Abstract
Traumatic injuries, tumor resections, and degenerative diseases can damage skeletal muscle and lead to functional impairment and severe disability. Skeletal muscle regeneration is a complex process that depends on various cell types, signaling molecules, architectural cues, and physicochemical properties to be successful. To promote muscle repair and regeneration, various strategies for skeletal muscle tissue engineering have been developed in the last decades. However, there is still a high demand for the development of new methods and materials that promote skeletal muscle repair and functional regeneration to bring approaches closer to therapies in the clinic that structurally and functionally repair muscle. The combination of stem cells, biomaterials, and biomolecules is used to induce skeletal muscle regeneration. In this review, we provide an overview of different cell types used to treat skeletal muscle injury, highlight current strategies in biomaterial-based approaches, the importance of topography for the successful creation of functional striated muscle fibers, and discuss novel methods for muscle regeneration and challenges for their future clinical implementation.
Highlights
Hydrogels based on natural elements are ideal candidates as they elicit a limited inflammatory response, have structurally similar elements to the body and they are highly effective in triggering the skeletal muscle regeneration process [136,137]

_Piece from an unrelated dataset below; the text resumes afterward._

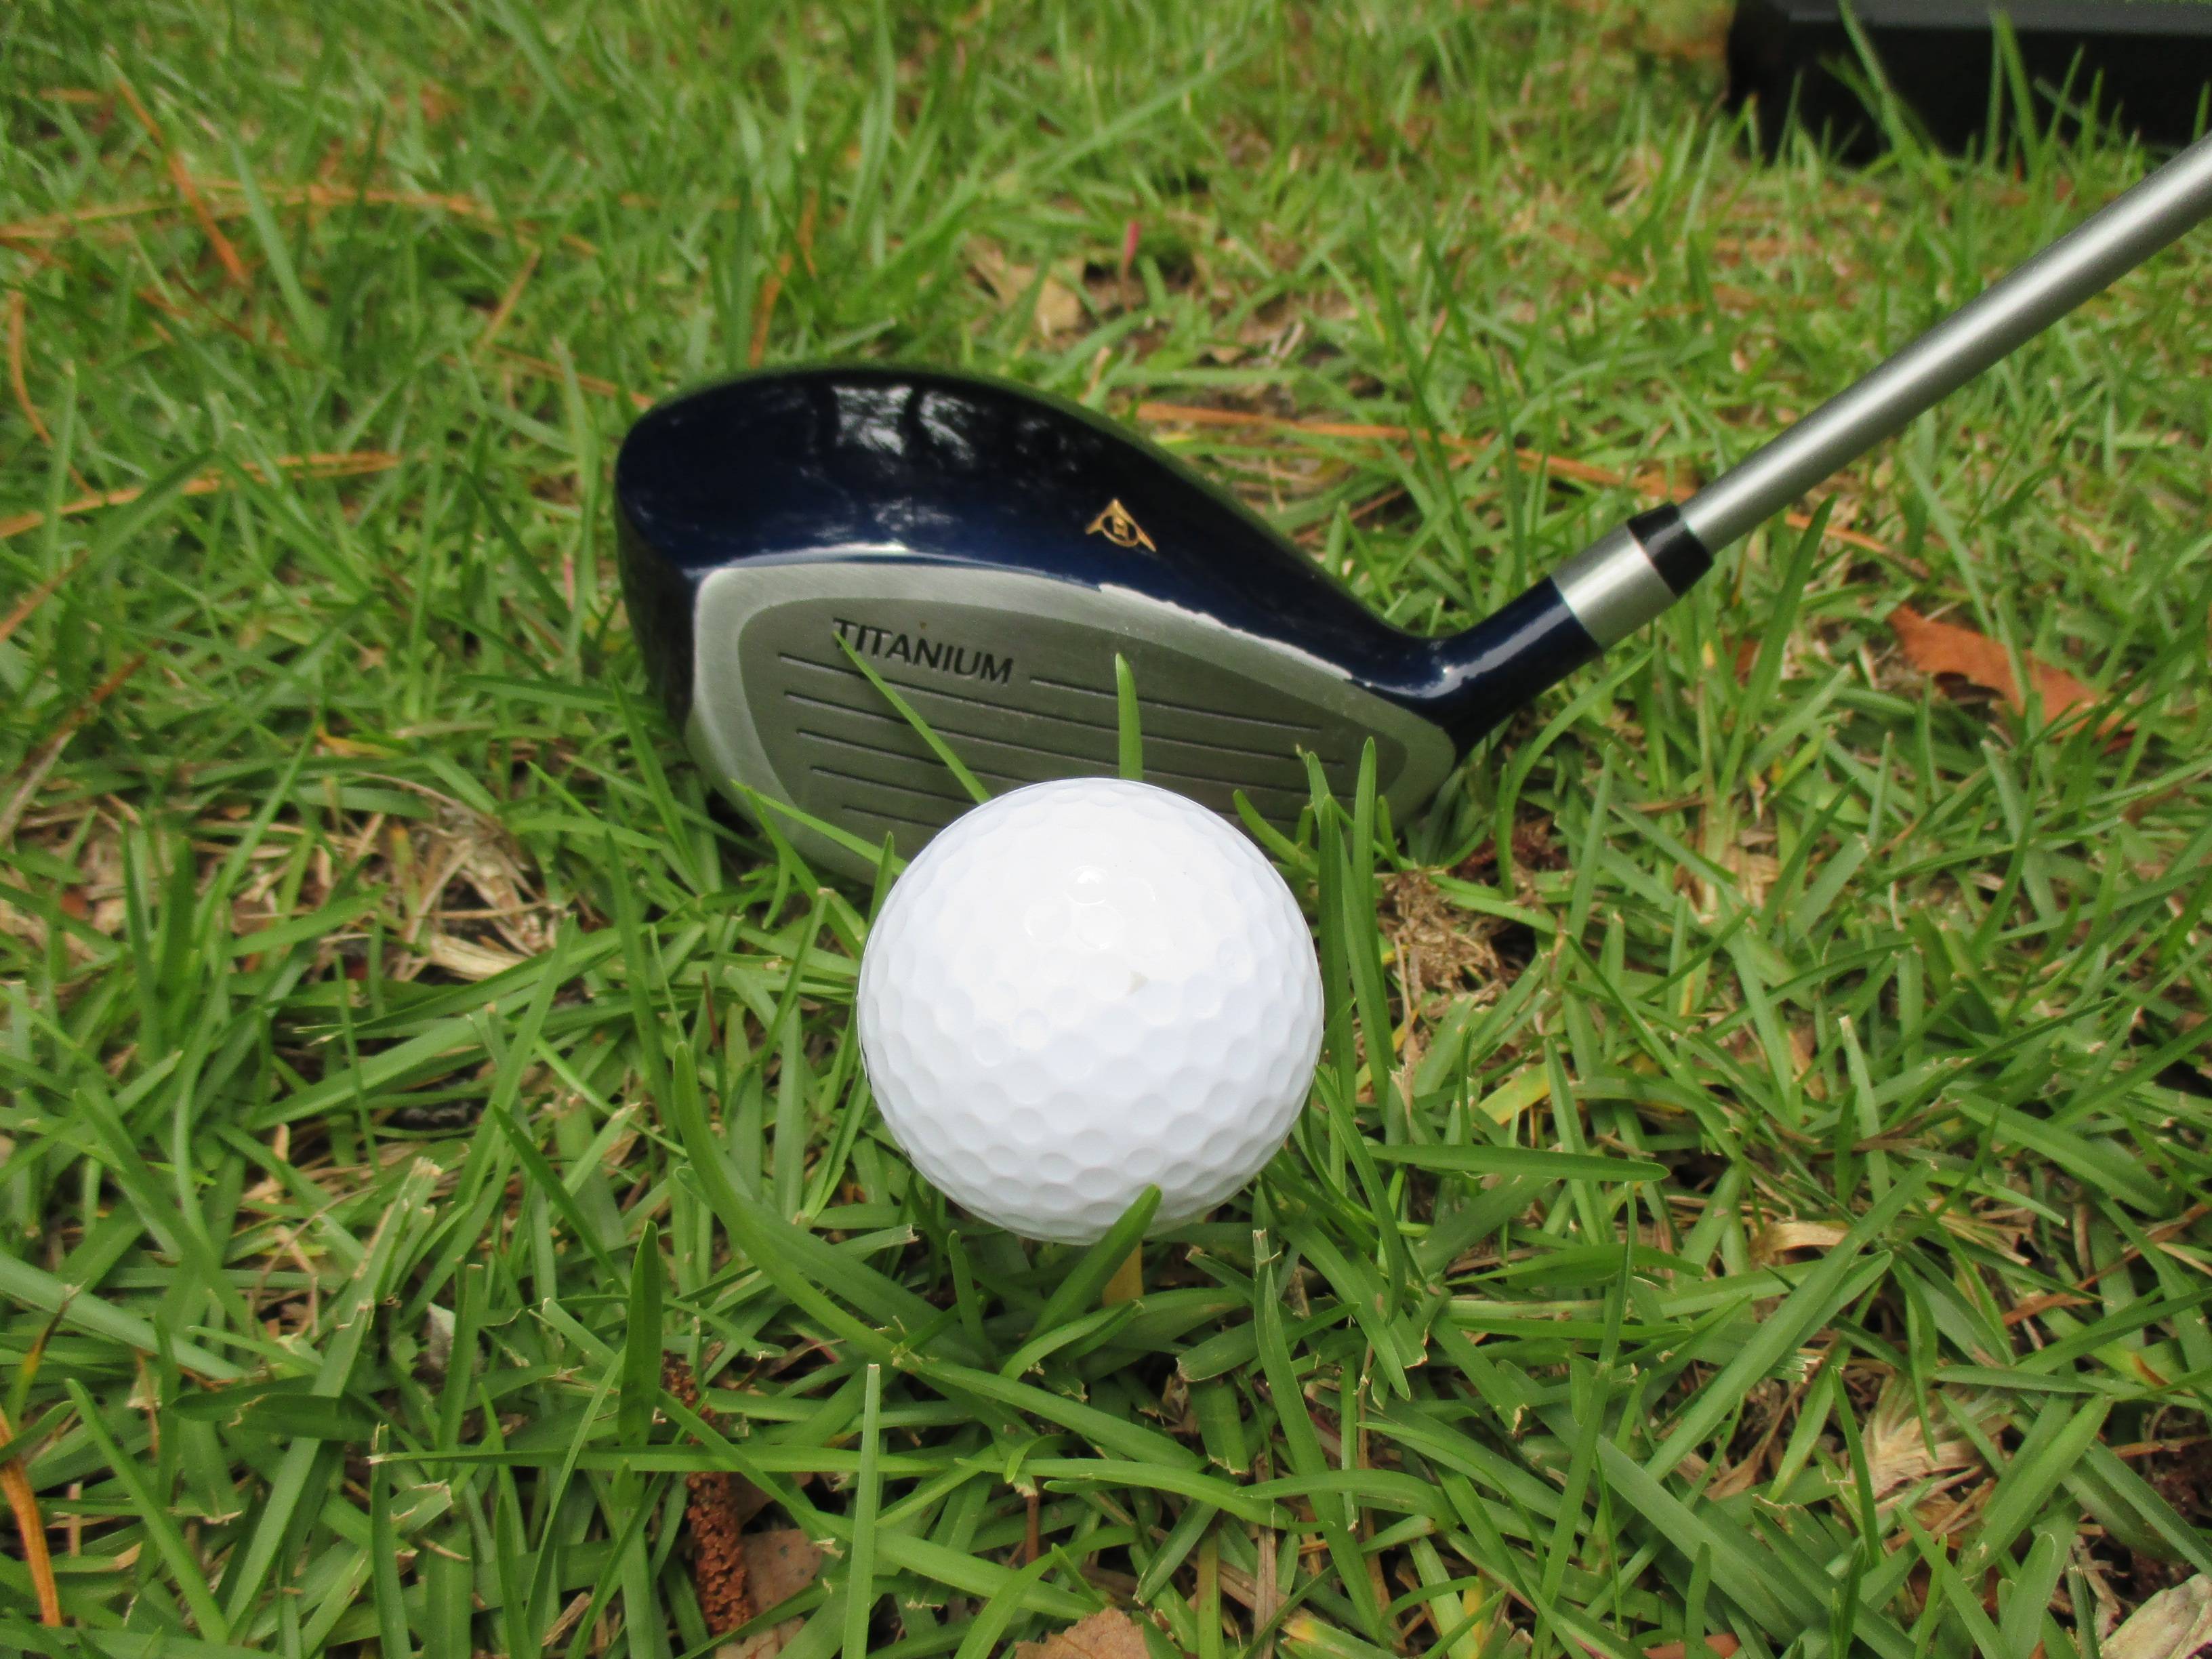 ᐉ о гольфе — игра в гольф — история гольфа - правила игры - этикет - инвентарь - словарь - поле для игры в гольф

These results suggest that besides vascularization, other factors appear to be crucial to the fate of regeneration
The results demonstrated that C2C12 cells were well aligned along the direction of PVA was leached from a PVA/PCL mixture to obtain the uniaxially aligned PCL bundles
Summary
Myofibers are formed by the fusion of myoblasts into elongated, cylindrical, multi-nucleated fibers named myotubes, which are 10–100 μm in diameter, depending on the location and function of the muscle [3]. They represent the functional unit of skeletal muscle. Biomaterial scaffolds can be used to locally control and provide guidance for tissue regeneration These scaffolds offer an artificial ECM for cells and mimic the properties of tissue. This has led to a range of multifunctional biomaterials that can fulfill several important functions, such as cell guidance [5], drug delivery [6], and stem cell fate regulation [7]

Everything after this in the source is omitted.